**Collected data**
▬▬▬

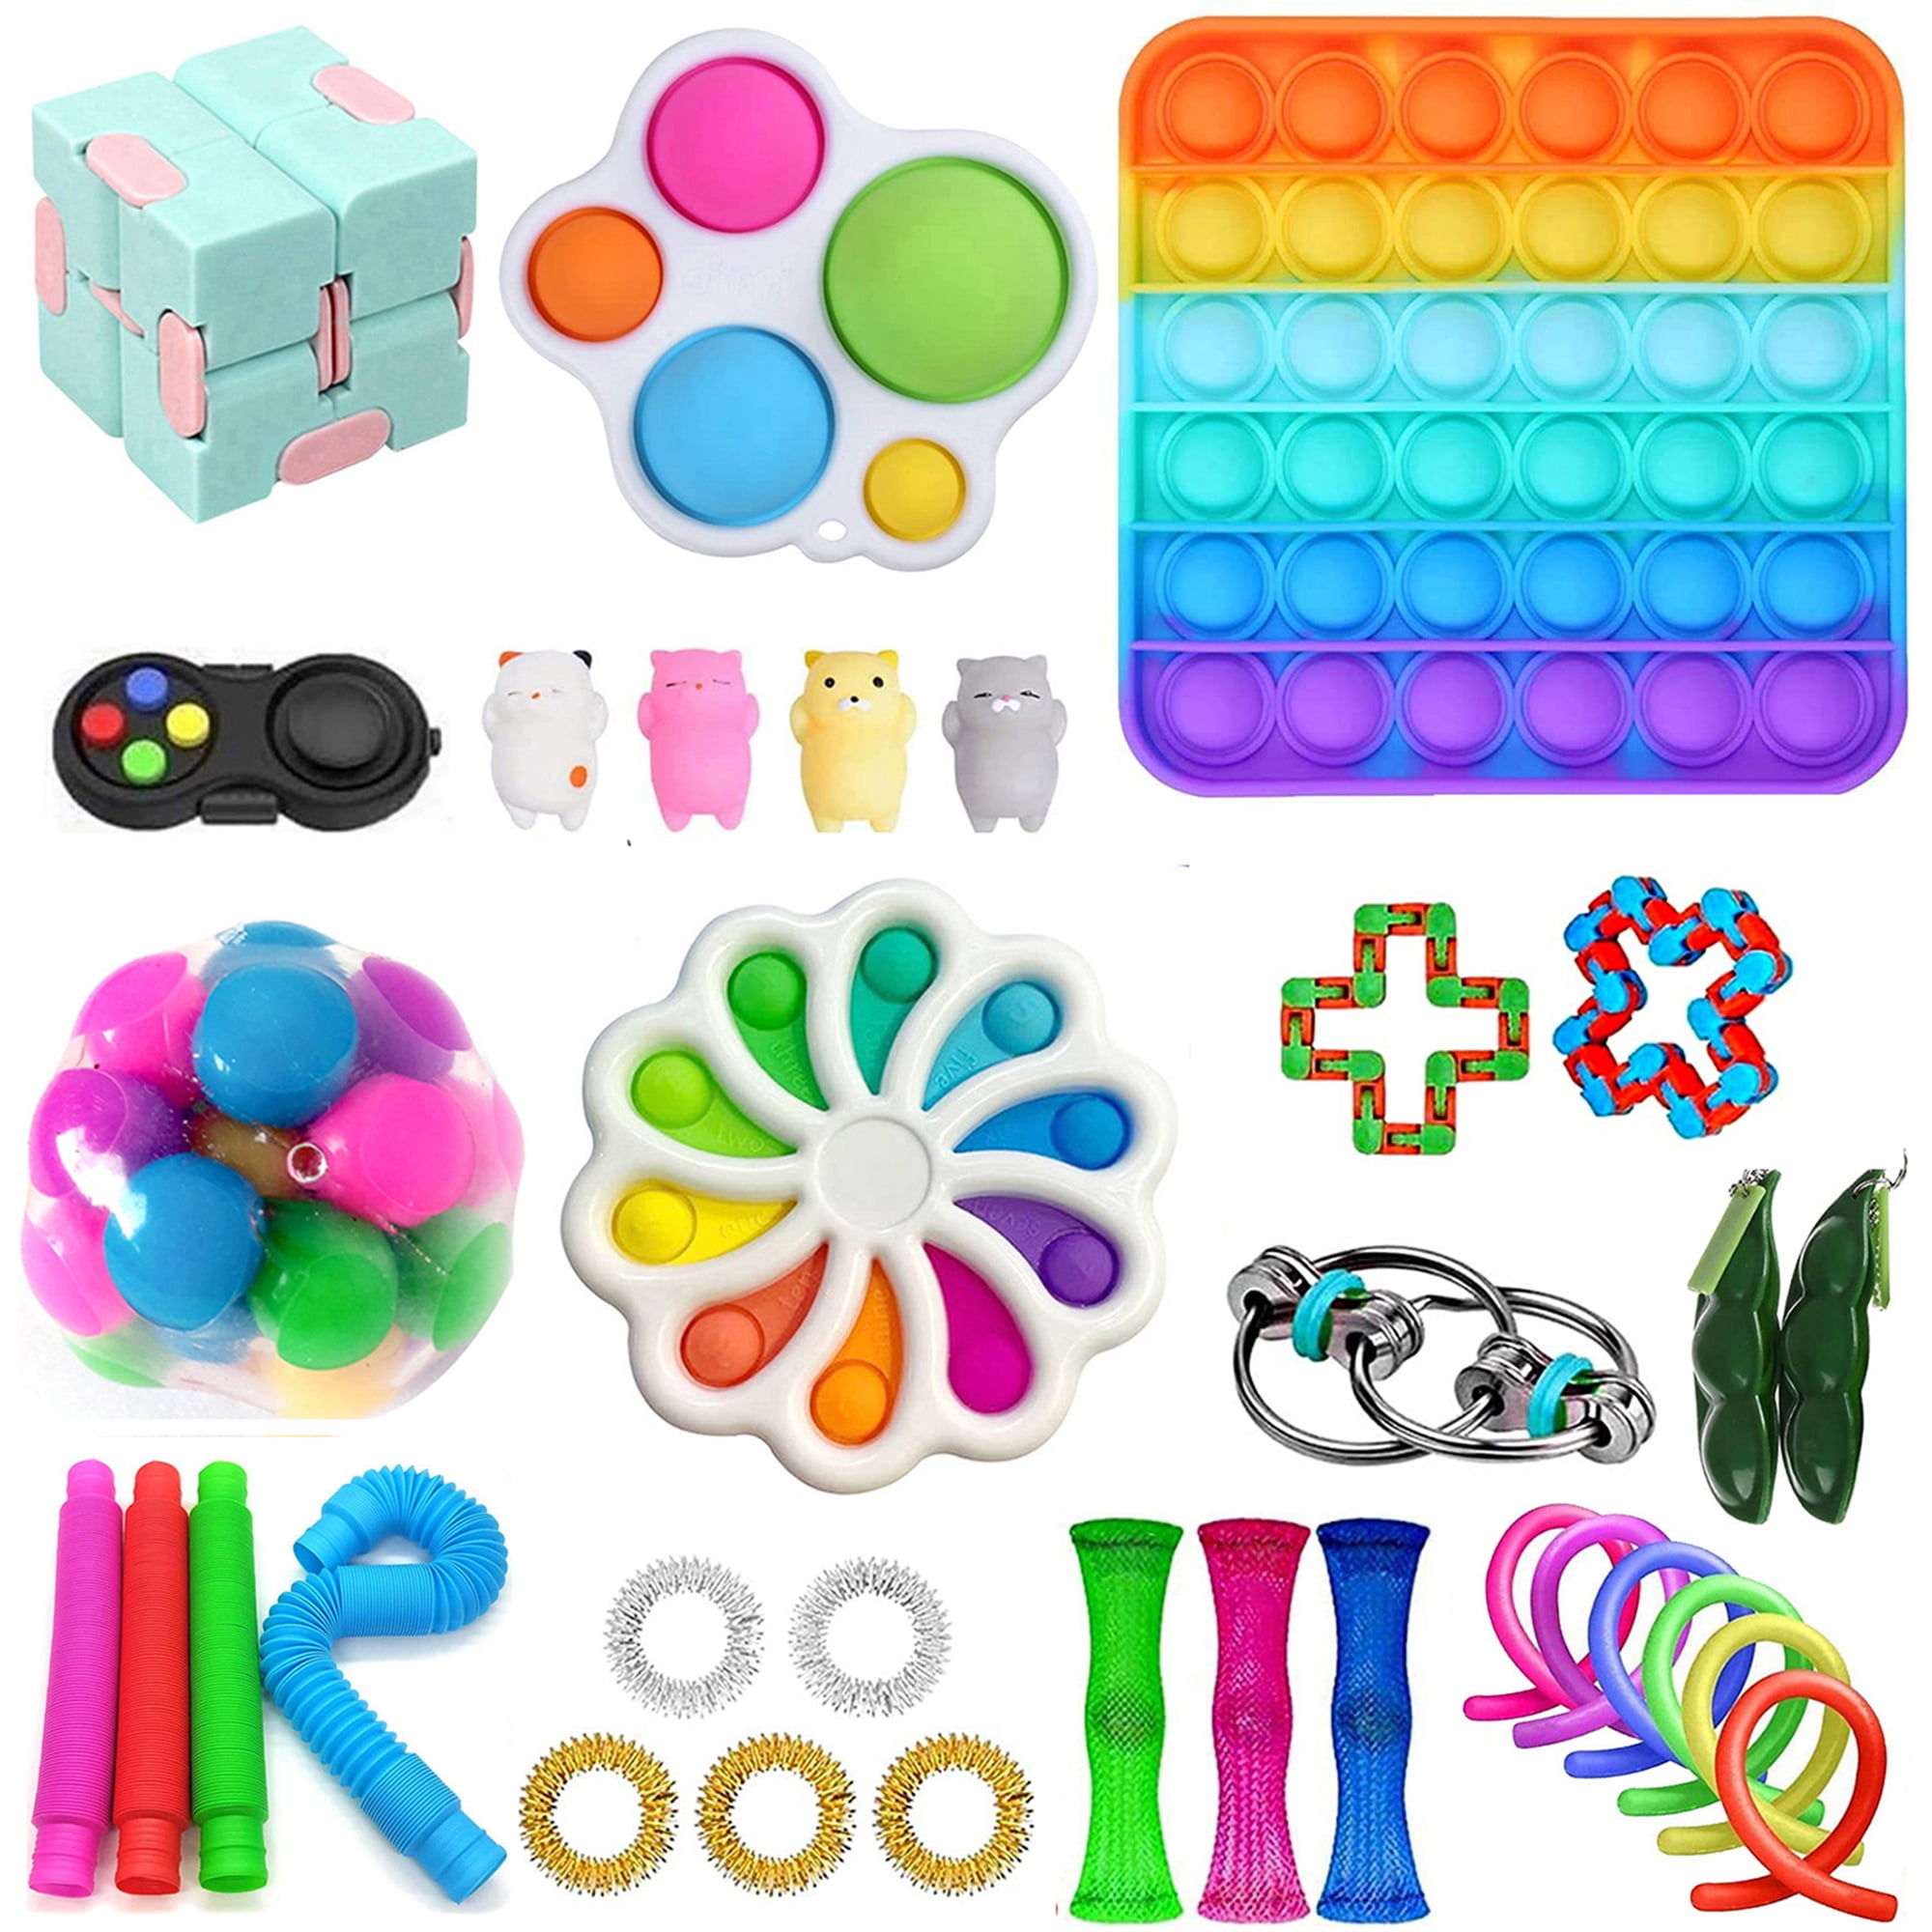 Plus Size Pop Bubble Cheap Fidget Sensory Toy Pack with Pop Anxiety Tube and Single Dimples Fidget Blocks Set Big Size Cheap Fidget Packs Anti-Anxiety Tools for Kids Big Fidget Pack #T
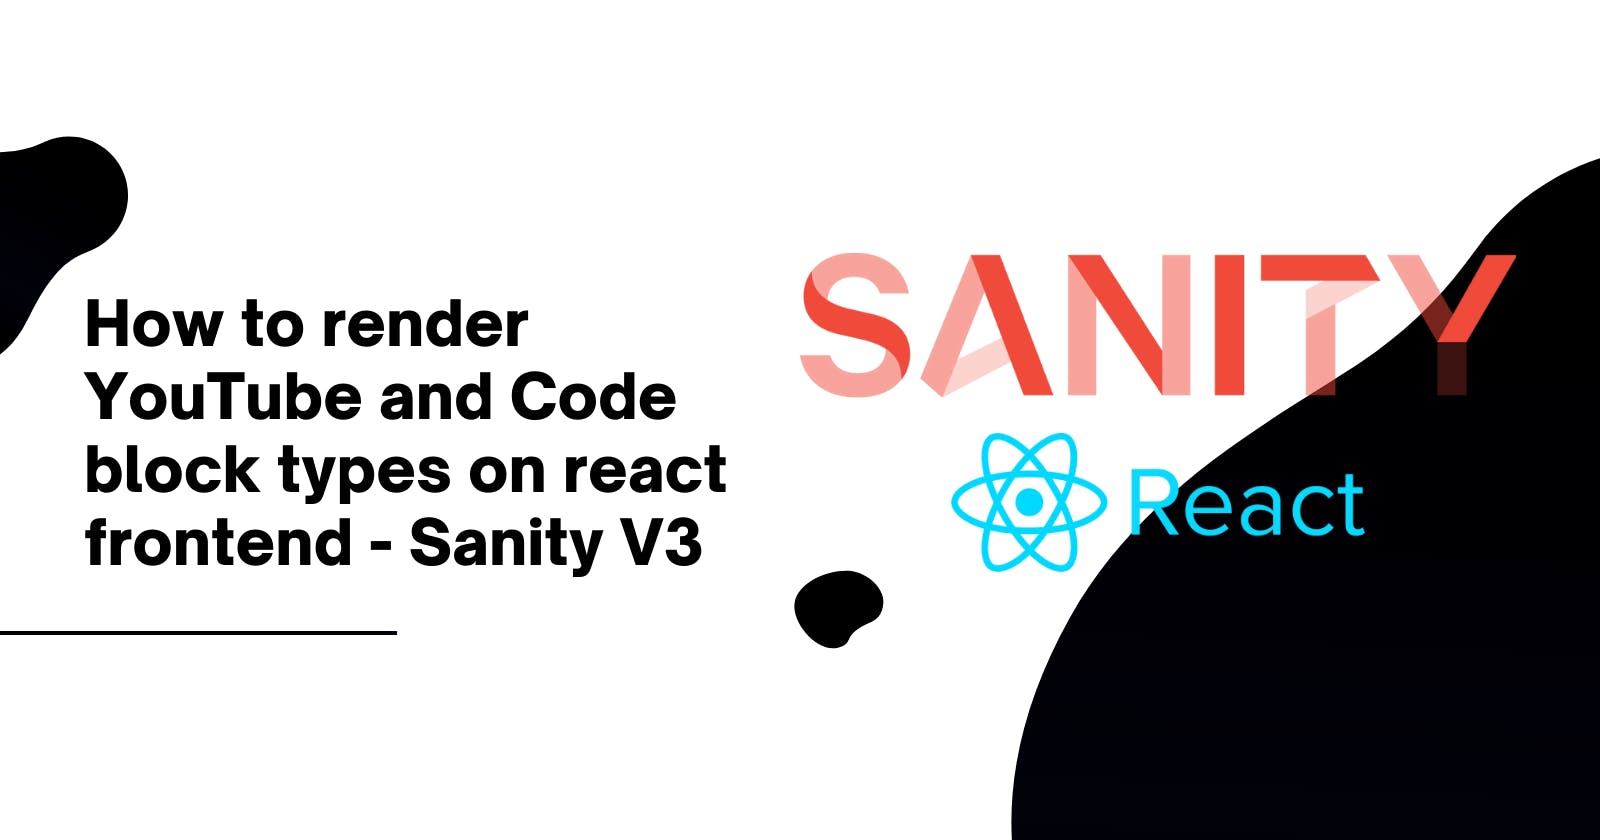 How to render YouTube and code block types on react frontend - Sanity V3
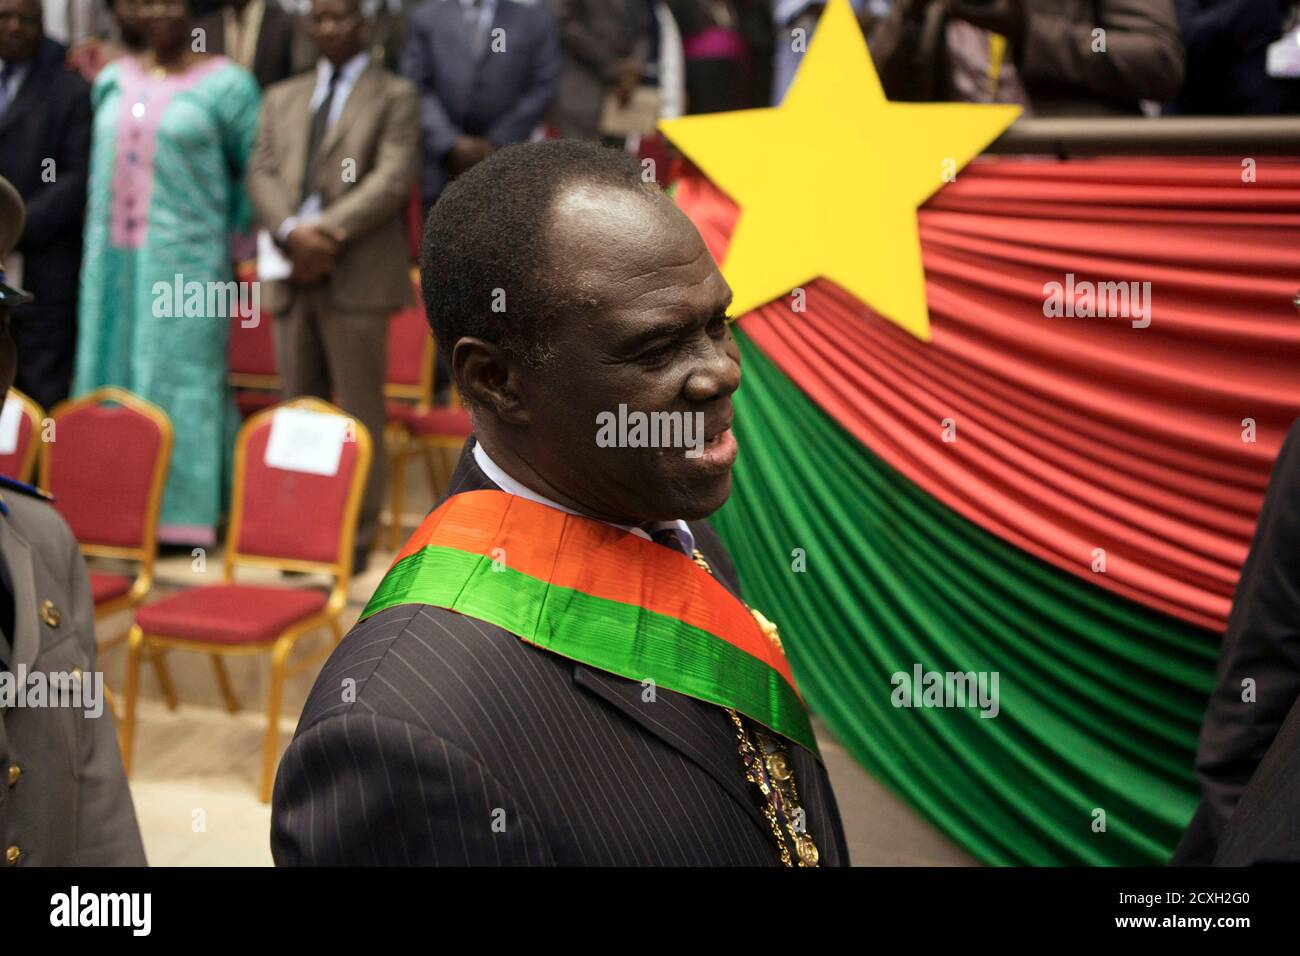 Burkina Faso's President Michel Kafondo is seen after being sworn into his post for the transitional period of one year, in Ouagadougou November 21, 2014. Kafando was chosen by a committee on Monday set up after former president Blaise Compaore resigned and fled on October 31 in the face of mass protests against his attempt to change the constitution and extend his 27-year rule. Kafondo is faced with the task of leading the West African country to elections in a year following a brief military takeover.    REUTERS/Joe Penney (BURKINA FASO - Tags: POLITICS) Stock Photo

▬▬▬

Exact repetition is required for the lines from the first one in the listing through the one that holds "How to render", and pictures are to be omitted.

 Plus Size Pop Bubble Cheap Fidget Sensory Toy Pack with Pop Anxiety Tube and Single Dimples Fidget Blocks Set Big Size Cheap Fidget Packs Anti-Anxiety Tools for Kids Big Fidget Pack #T
 How to render YouTube and code block types on react frontend - Sanity V3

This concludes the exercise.